Recently there’s been a blooming of what I now call entity statements. Which are people also ask, but in the knowledge panel, but they’re not questions. It’s things like pricing, customer service, get a job, things like that. It’s all statements. Underneath you have the answers and the people also ask format and brands need to be looking after those. Making sure that they’re ranking and that somebody else isn’t answering that question or that statement.

So there’s a lot of maintenance to be going on. That’s just one example. Call centers or social accounts across the world for different departments or different countries, that’s another example. Google gets mixed up and it’s up to us to explain and to educate.

Joost: All of that explaining and education is that done in text, in content, or is that done in Schema on pages?

Jason: It’s done in both. You need to explain in text the things that are really important. Then you add the schema. A Schema markup is supposed to simply clarify and make explicit what’s already in the page and you’re not really supposed to add additional stuff.
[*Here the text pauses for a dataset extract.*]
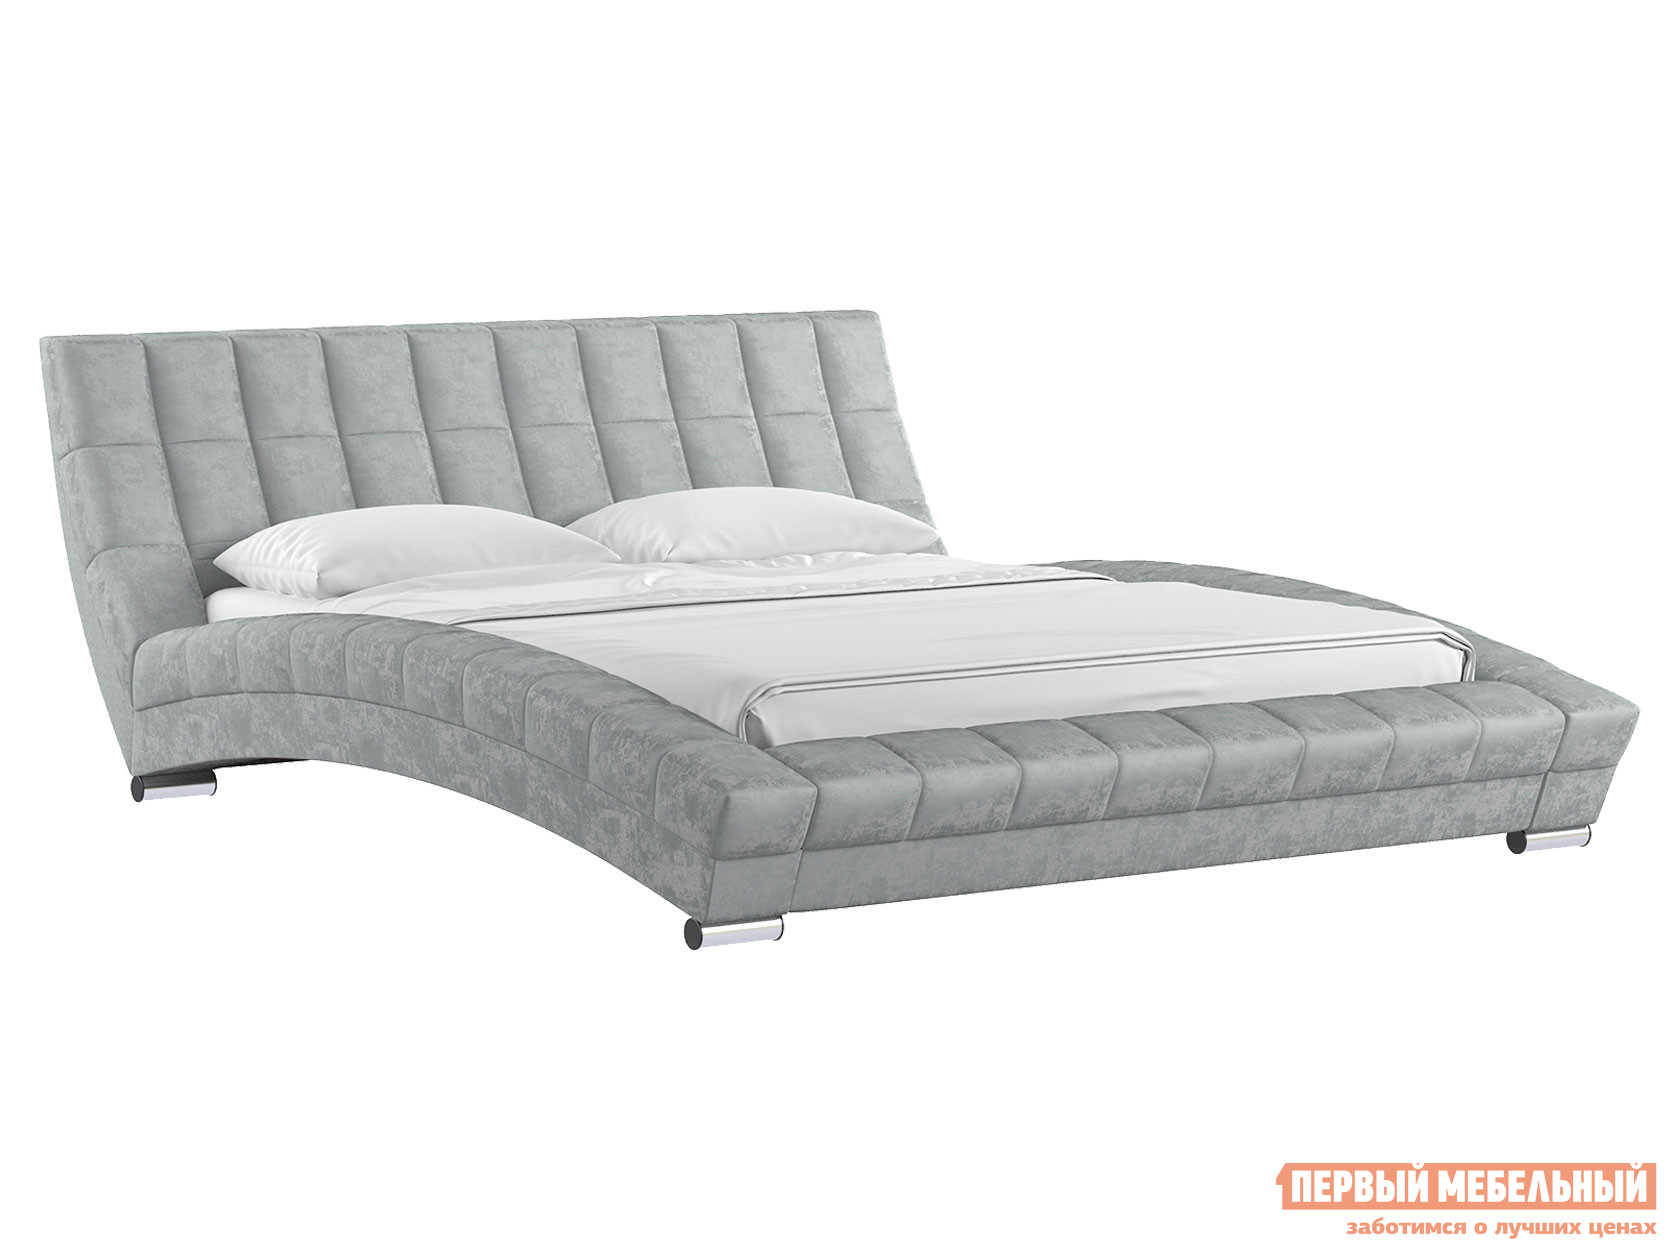 Двуспальная кровать  Оливия Люкс Светло-серый, велюр, 180х200 см

The exception I would argue is, in this case for an entity home, there are some things you would put in the Schema markup that you don’t necessarily want to put in the page. For example, the same posts to all this corroborative information will typically not be linked in the page. They will just be signposts in the Schema markup. So schema markup is phenomenally important.

The example I gave earlier of switching from the other Jason Barnards, mad music guests – mad music that’s very unfair, lovely music guests – to the delightful people from the SEO industry, digital marketing industry that I managed to switch across is based on my podcast. I’ve created an entity-based content model with Wordlift. Absolutely great, lovely tool, really smart people and we’ve built an entity-based content model around the podcast. With the podcast series as entity. Each episode is an entity. Each guest is linked to that episode with a topic and all that obviously linked to me and my company. That has been, I think or I believe, the driver behind that switch from the music to the digital marketers, because all the people in that knowledge panel have been on the podcast.

Joost: That is awesome. So actually tying those two a bit more together than you’d actually think from the front.

Jason: Yeah it is. I’ve got a database of 70,000 brands and people that are 35,000 people and 40,000 brands, I think. And I collect the entity boxes and I’m trying to build the code to link it all together and see how all of this links together. But that’s a story for a future day.

Joost: Well, once you’ve done that, you should come by and talk about it.

One of the things I’m wondering and you might be. In Yoast SEO, what we do is we add a lot of this Schema already, but one of the things we don’t allow you to do at the moment is change where we point your organization to. Basically it always points to your homepage. Of course you can change that with a tiny piece of code, it’s not hard to change that, but would you rather change that? Should that be a setting?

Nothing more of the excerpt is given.